The Towers, Lancashire CXI.SE 1895 © Ordnance Survey

John Edward Taylor senior was born on 11 September 1791 at Ilminster to John Taylor, a Unitarian minister and his second wife Mary Scott (1751-1793) a poet. After Mary’s death John and his children moved to Manchester where he joined a group of radical liberals.

John’s liberal circle was in favour of proportional representation, the abolition of rotten boroughs and Parliamentary representation of the industrialised towns of the North and Midlands.

Although a witness to Peterloo, he was unimpressed with its leaders, but was encouraged to found the Guardian in 1821.

He married first, Sophia Russell Scott (1793-1832) on 4 May 1824 in Portsmouth¹ and the couple had three boys and one girl.

John Edward Taylor junior was not meant to inherit the mantle of the Guardian, he only did so on the death of his elder brother, Russell Scott Taylor (1825-1848) that he took over the newspaper. The couple’s second son, John Edward Taylor (1828-1829) died in infancy and John Edward Taylor II was born on 2 February 1830. Their daughter, Sophia Russell Taylor (1826-1868) married Peter Allen (1815-1892) who joined the Guardian as manager and partner.

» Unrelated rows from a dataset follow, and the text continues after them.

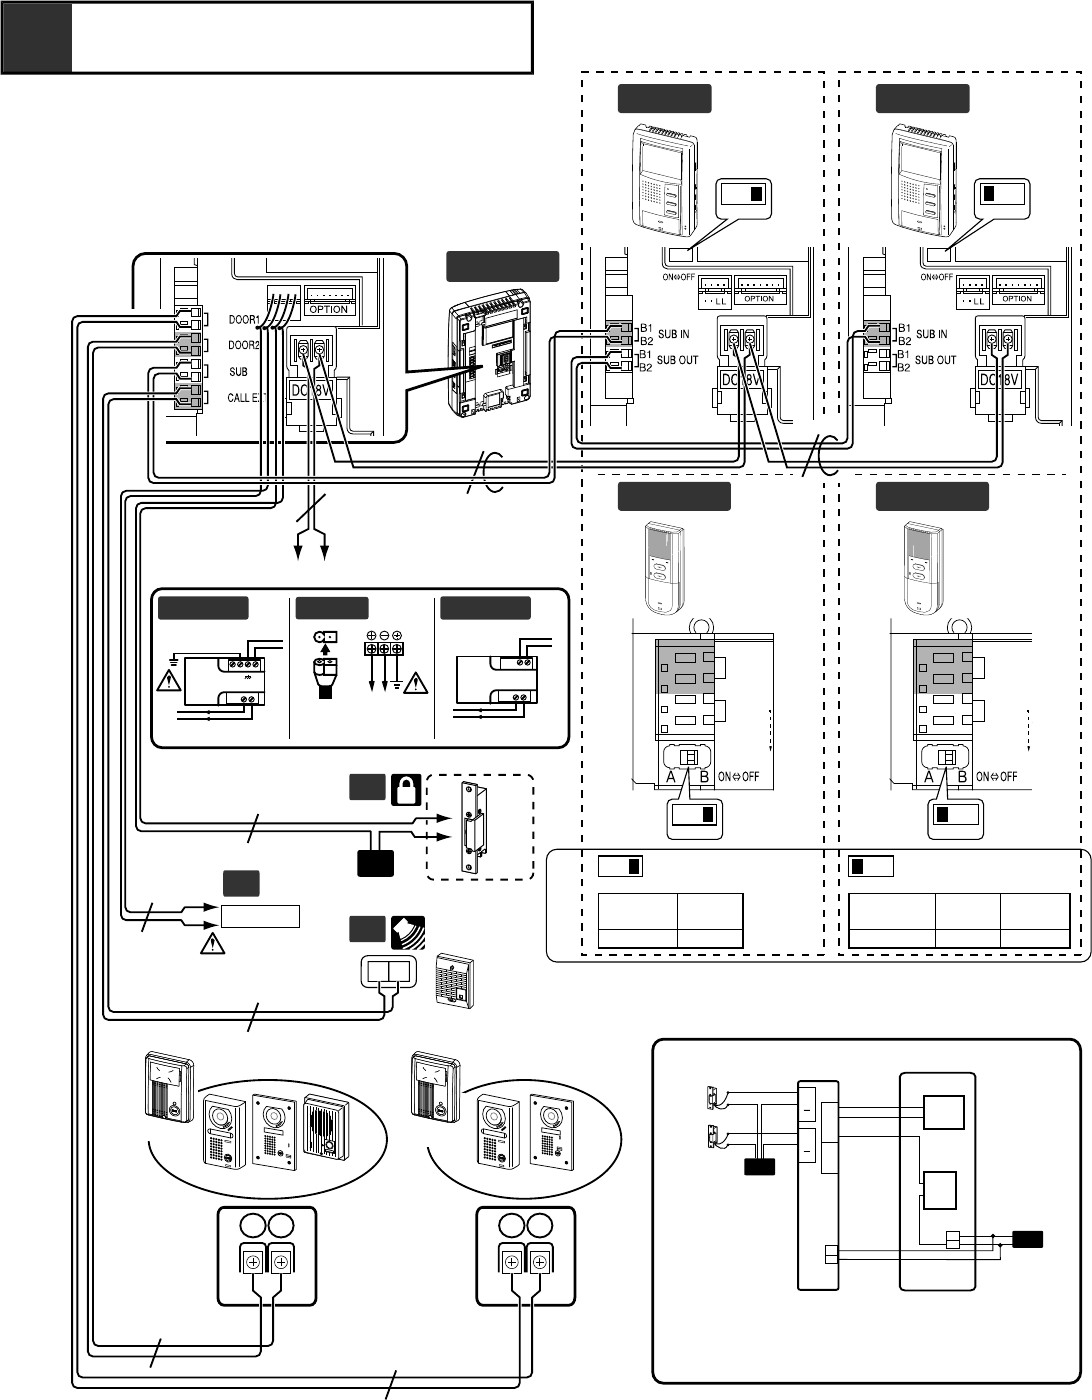 AiPhone Inter Wiring Diagram New Page 5 AiPhone Inter System AiPhone Inter Wiring Diagram Download
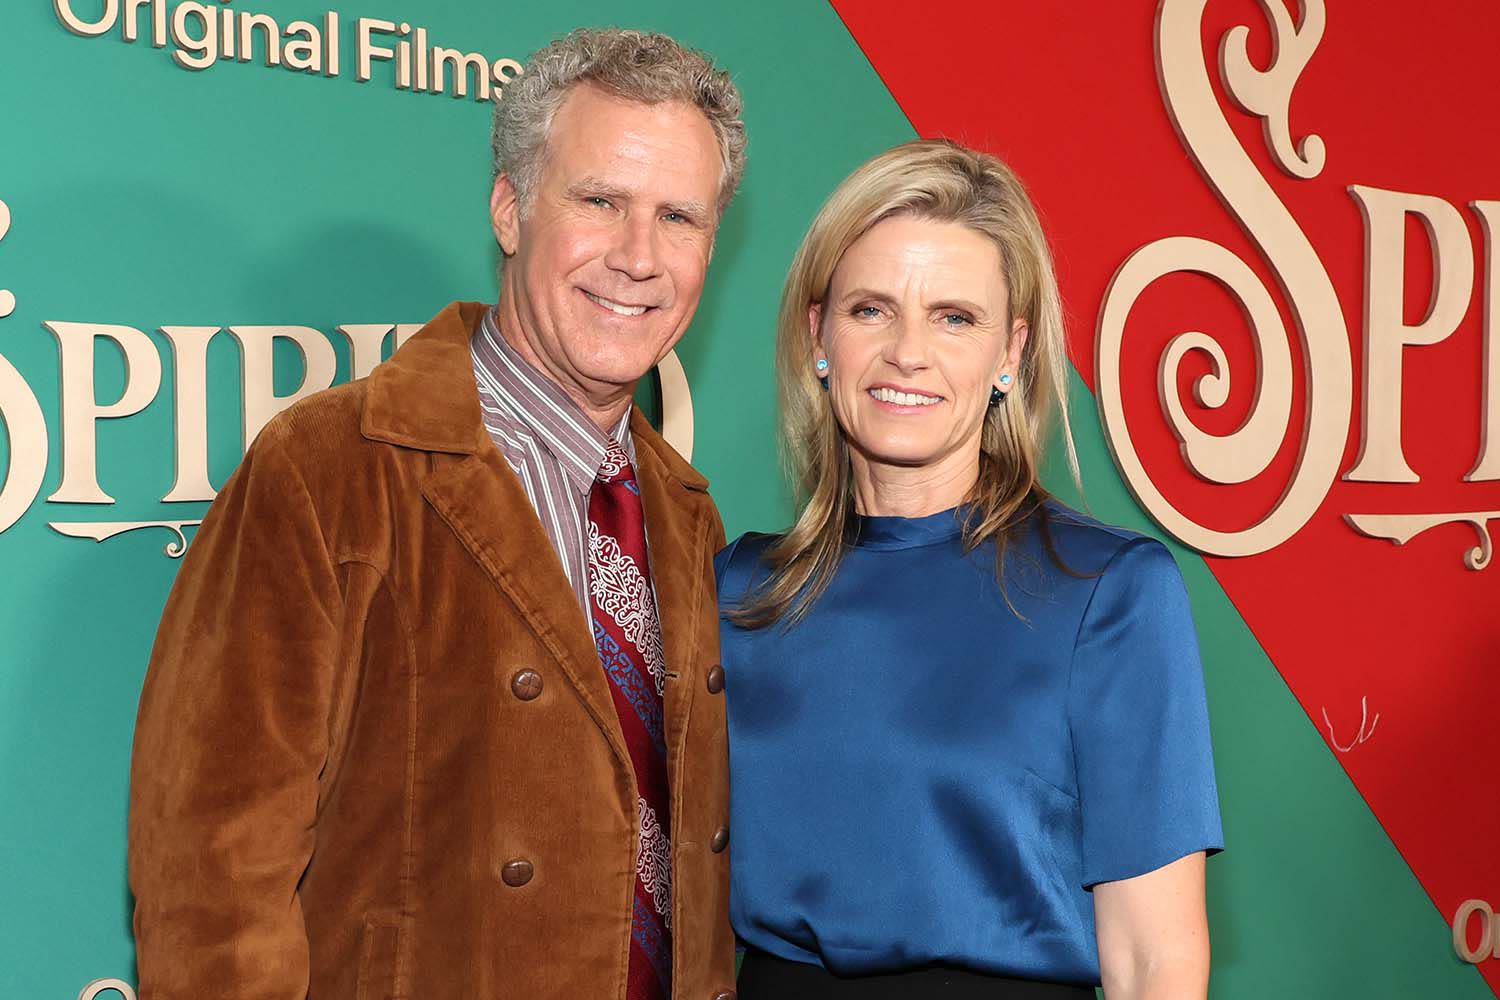 Will Ferrell and Wife Viveca Paulin Had Early Breakup When It Was ‘Too Much Too Fast’ After They Met
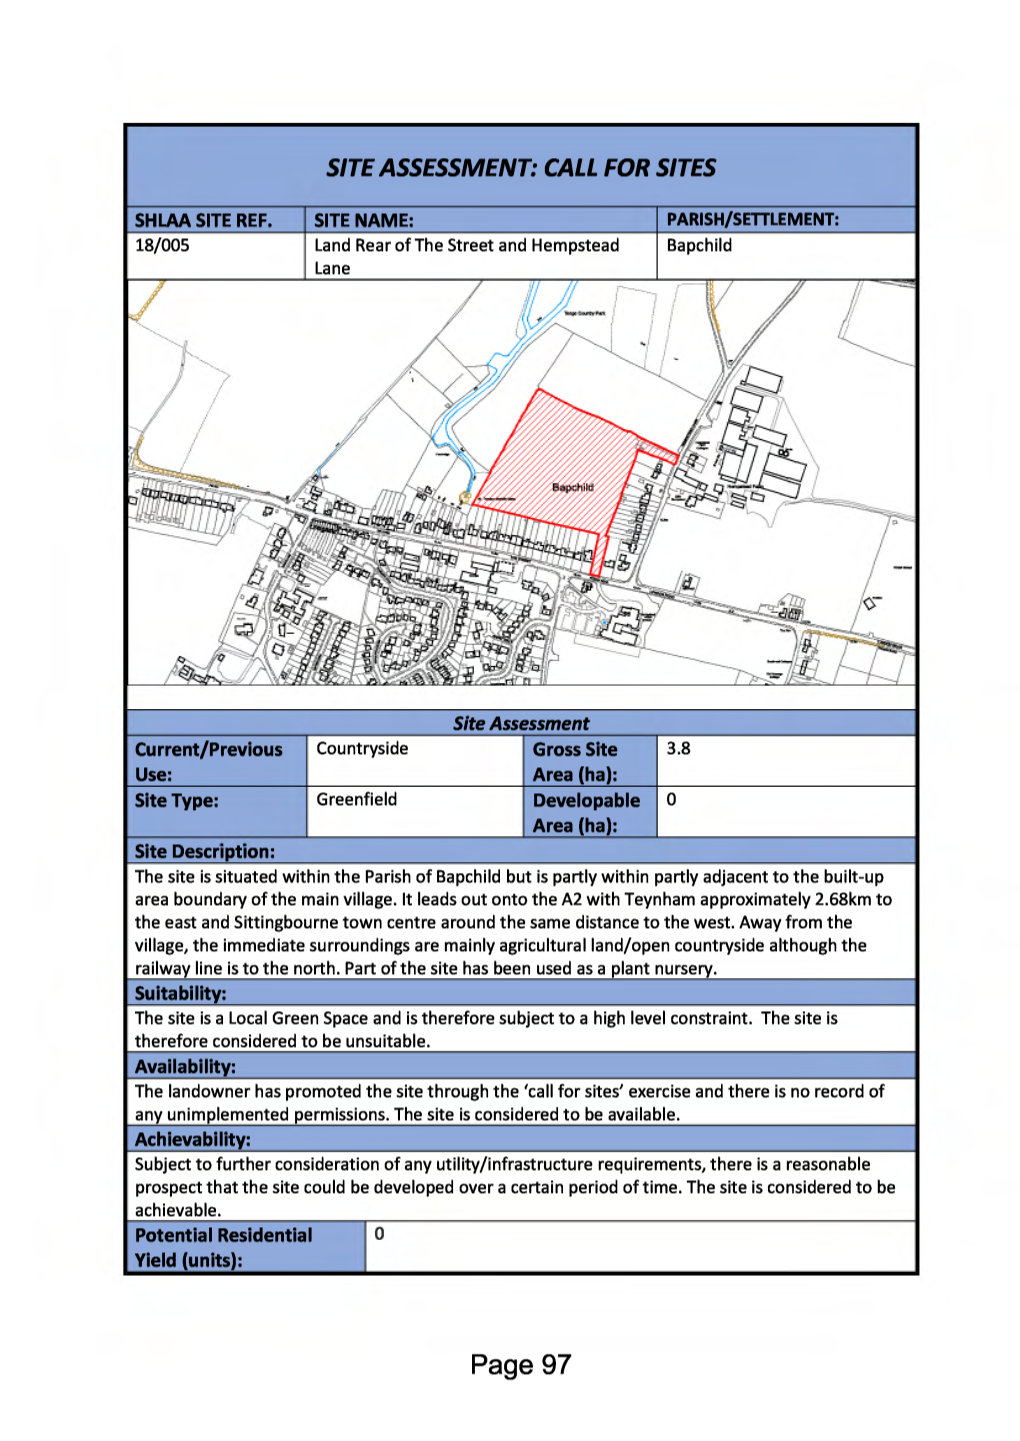 SITE ASSESSMENT: CALL for SITES Page 97

After Sophia’s death, John married once more to Harriet Acland Boyce (1802-1845) and had three more daughters. Sarah Acland Taylor (1837-1894), Harriet Ann Taylor (b 1838) and Mary Ann Taylor (b 1840). Each of these sisters married into the Jevons² family of Liverpool.

On taking over the Guardian, John E Taylor became editor and sole owner. He increased publication from its original weekly edition to a daily one and halved the price to one penny. He was one of the founders of the Press Association. In 1868 he bought the Manchester Evening News which he owned until his death. He was one of the guarantors of the 1857 Manchester Arts Treasures Exhibition He amassed a vast collection himself which took 12 days to sell in 1912, raising £358,499 (£42m in 2021), having already donated several to the Whitworth, including some Turners. He also donated a complete set of Turner’s sketches, Liber Studiorum to the British Museum (now in the Tate).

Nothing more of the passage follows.